======== Data excerpt ========

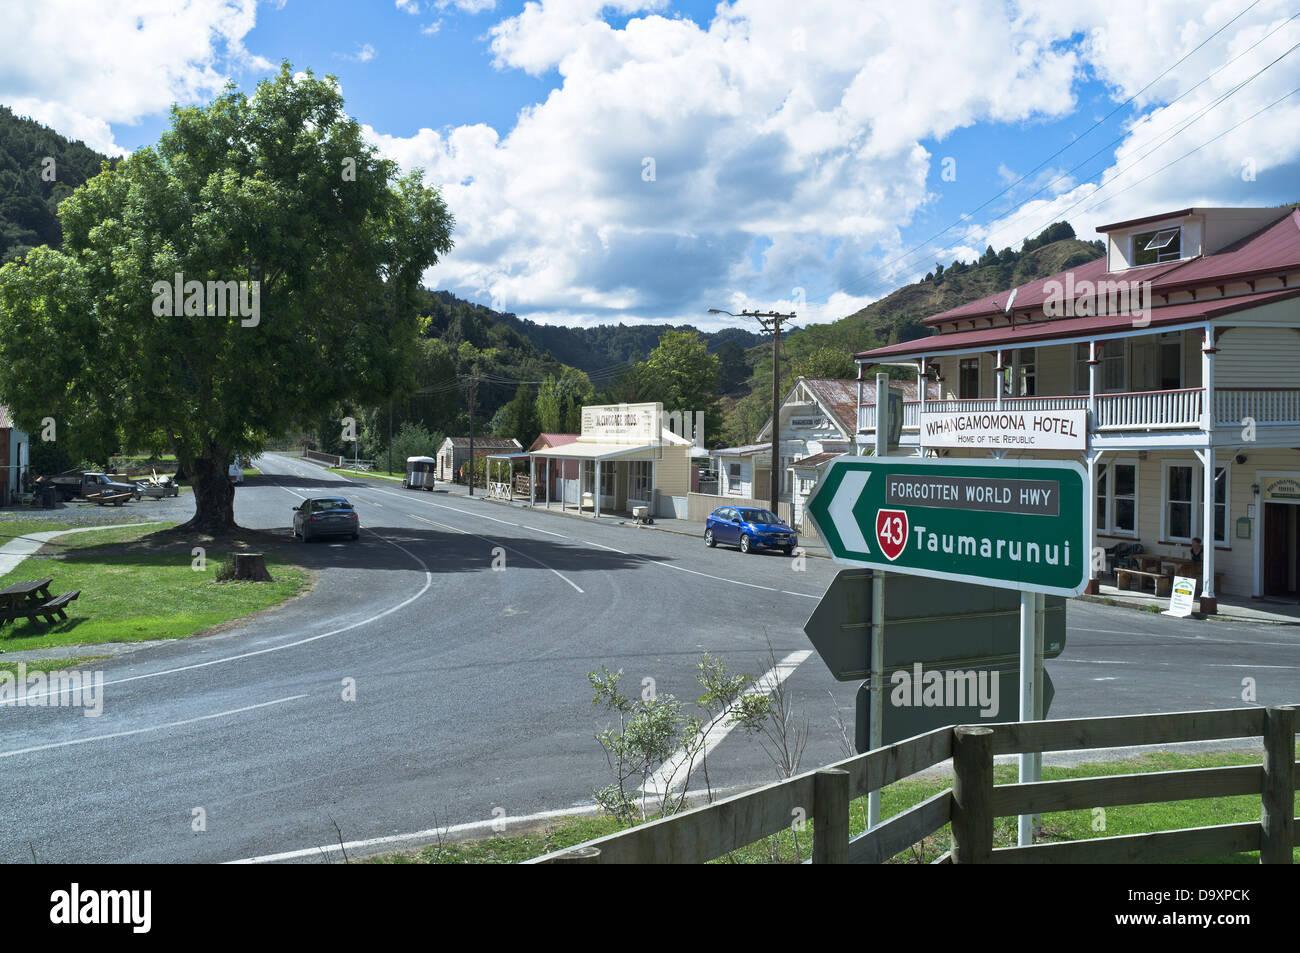 dh Forgotten World Highway WHANGAMOMONA NEW ZEALAND SH43 state highway road signpost and Whangamomna Hotel - Stock Image
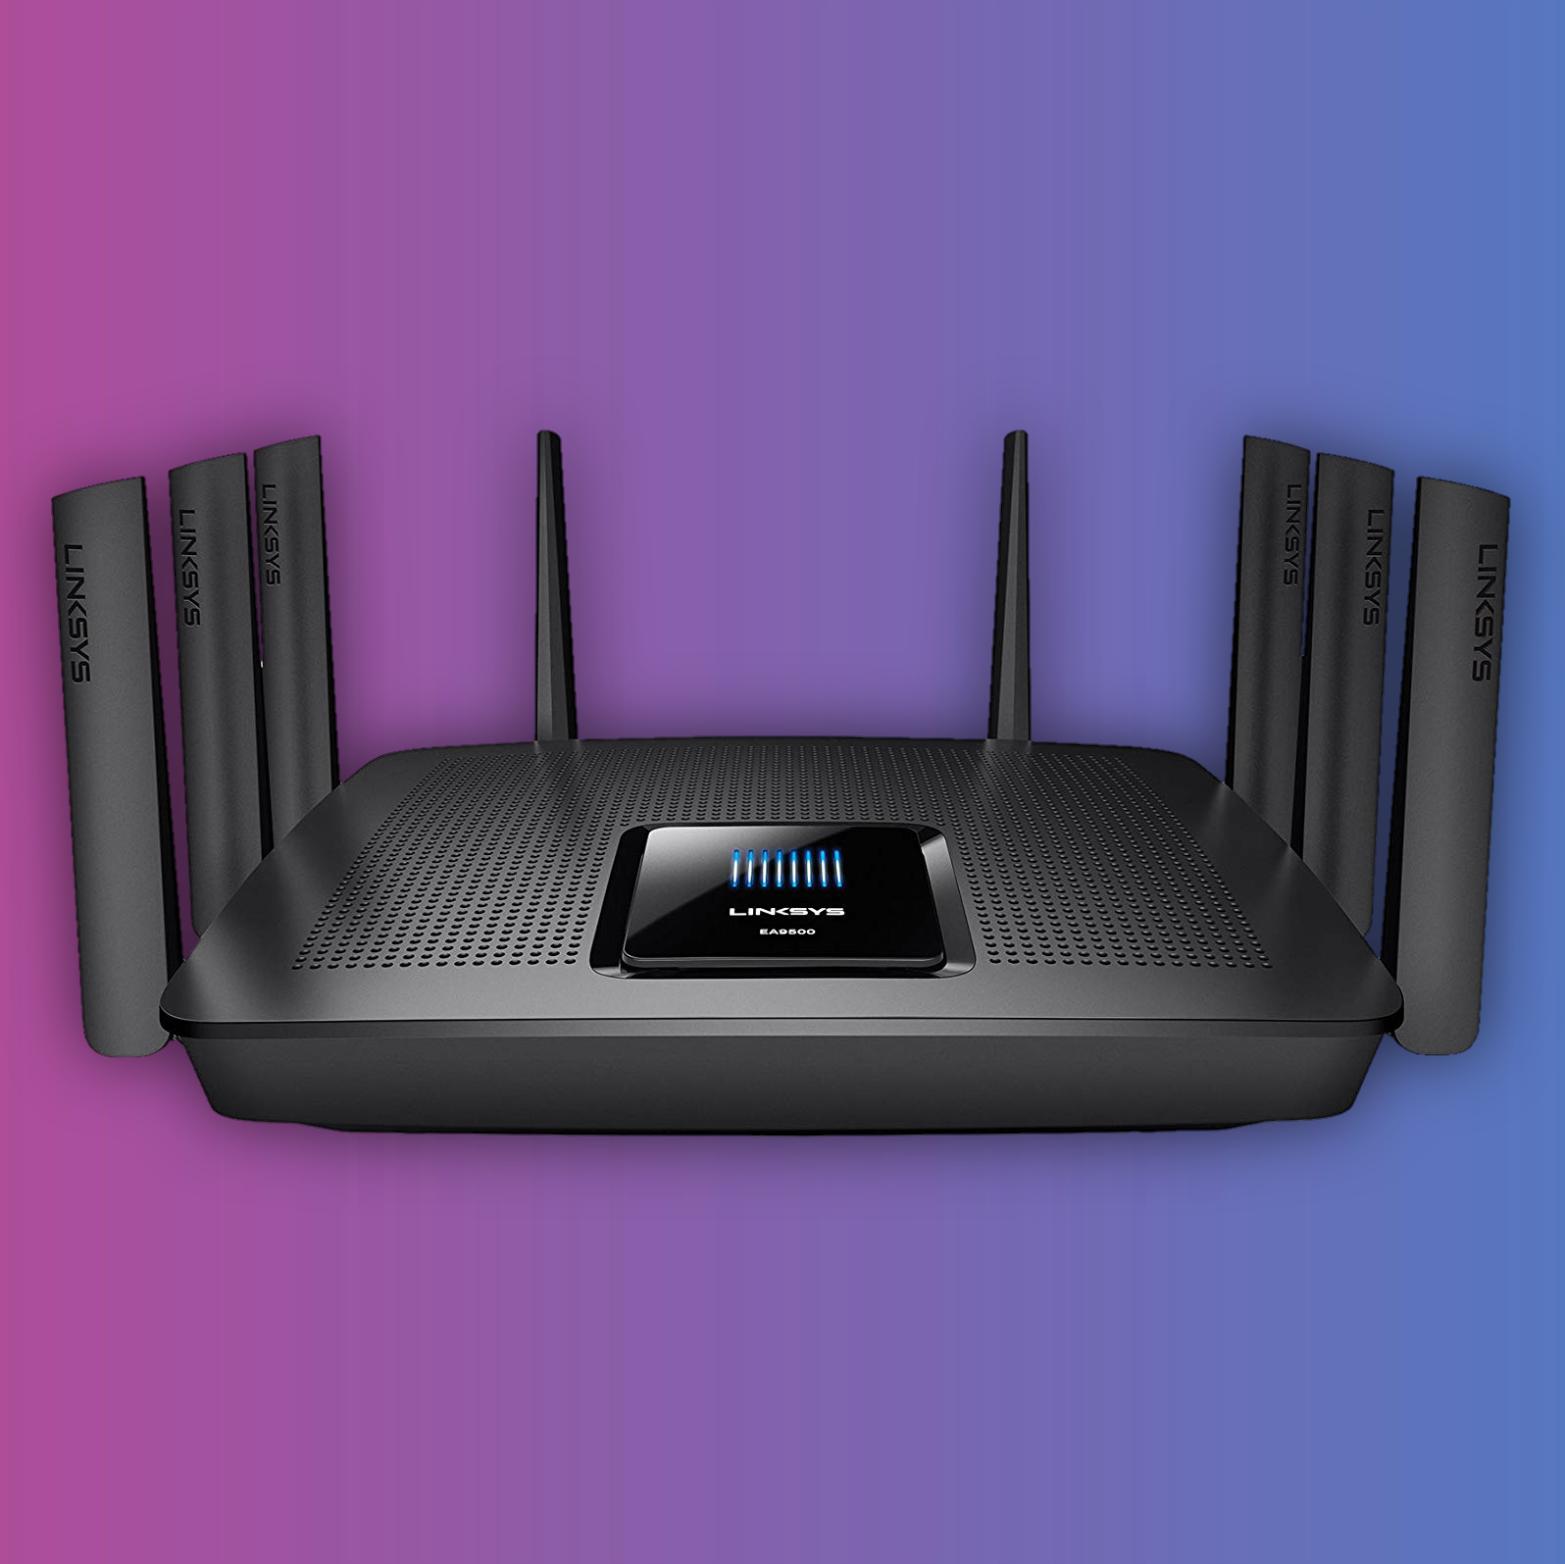 Linksys EA9500 AC5400: WiFi Router (Tri-Band, 1,4GHz Prozessor, 8 Gigabit Anschlüsse, 8 Antennen)
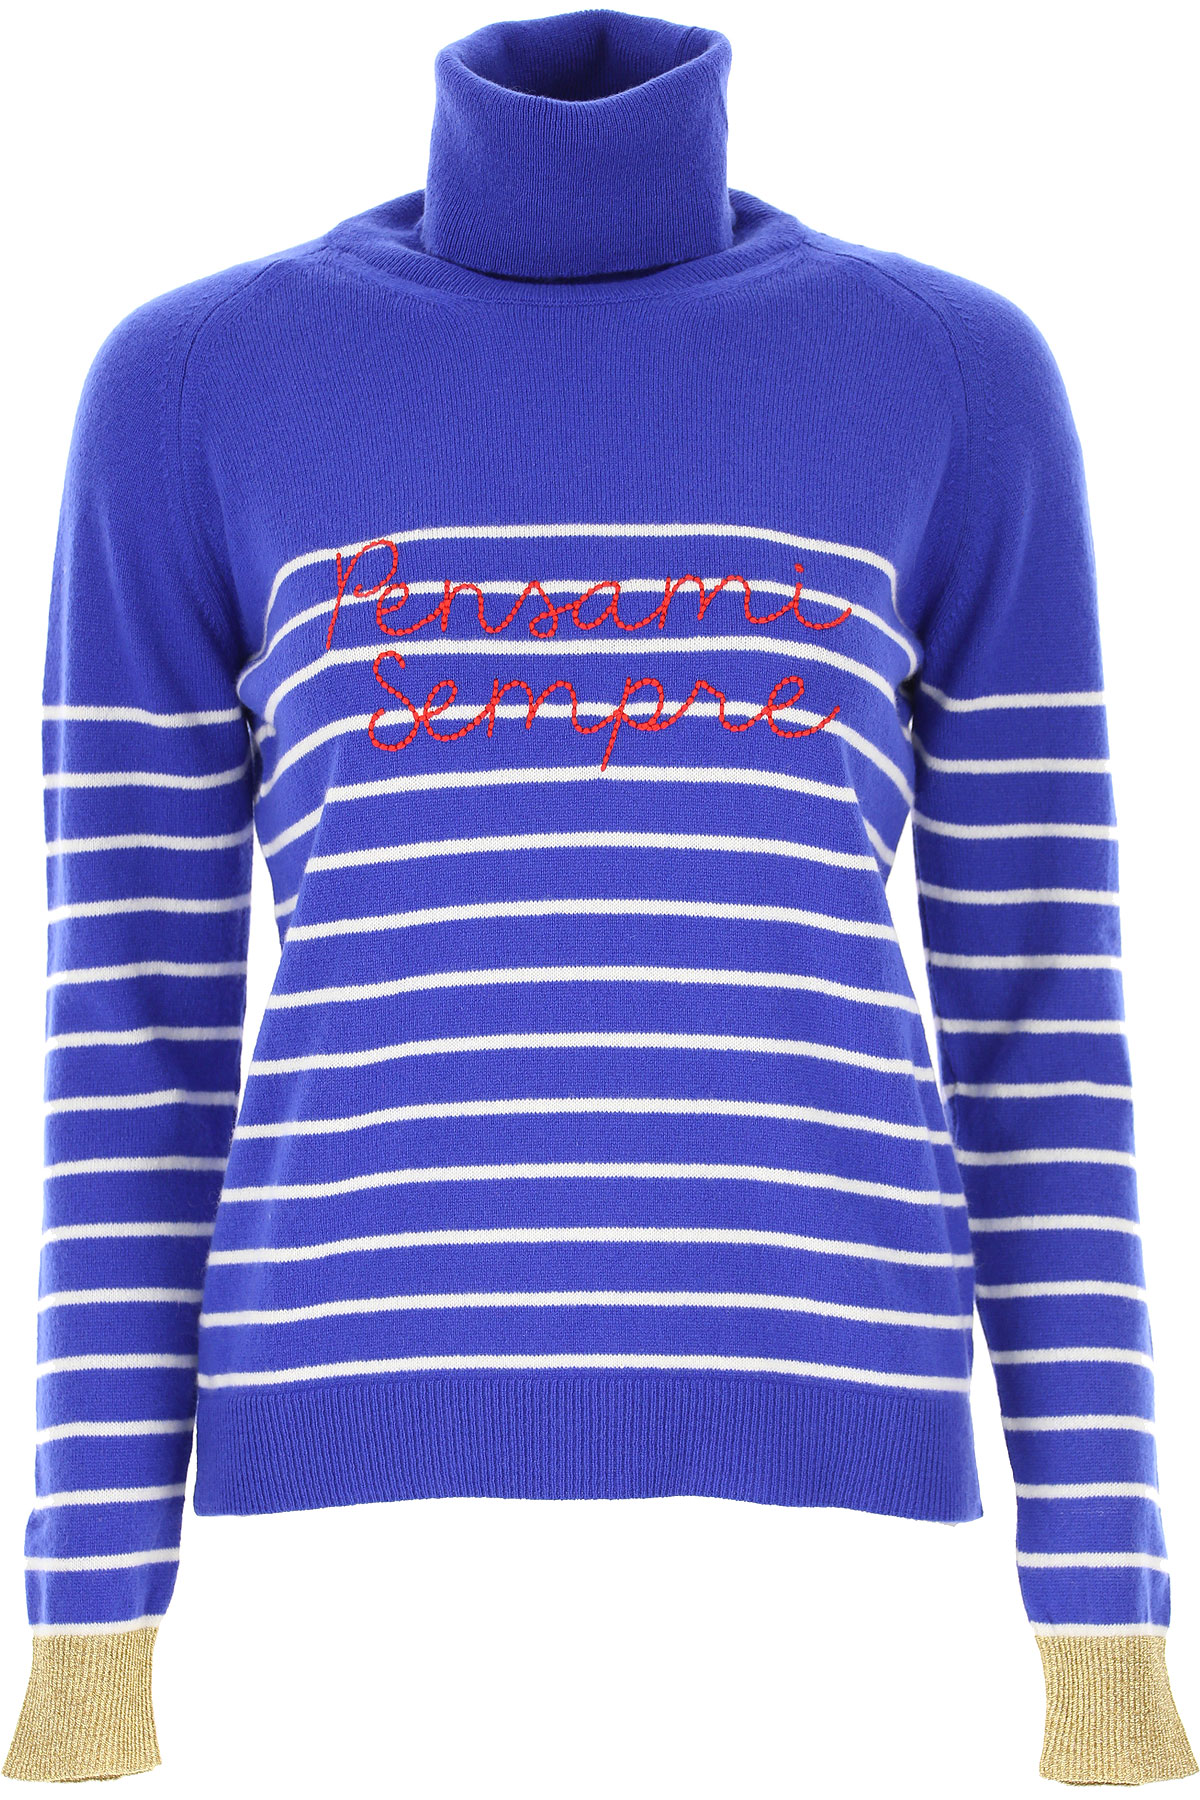 Giada Benincasa Sweater for Women Jumper On Sale, Electric Blue, Cashemere, 2019, 4 6 8

========

● **Required work**
Your reply should hold every line above exactly as written and none of the pictures.

● **Exercise response**
 dh Forgotten World Highway WHANGAMOMONA NEW ZEALAND SH43 state highway road signpost and Whangamomna Hotel - Stock Image
 Linksys EA9500 AC5400: WiFi Router (Tri-Band, 1,4GHz Prozessor, 8 Gigabit Anschlüsse, 8 Antennen)
 Giada Benincasa Sweater for Women Jumper On Sale, Electric Blue, Cashemere, 2019, 4 6 8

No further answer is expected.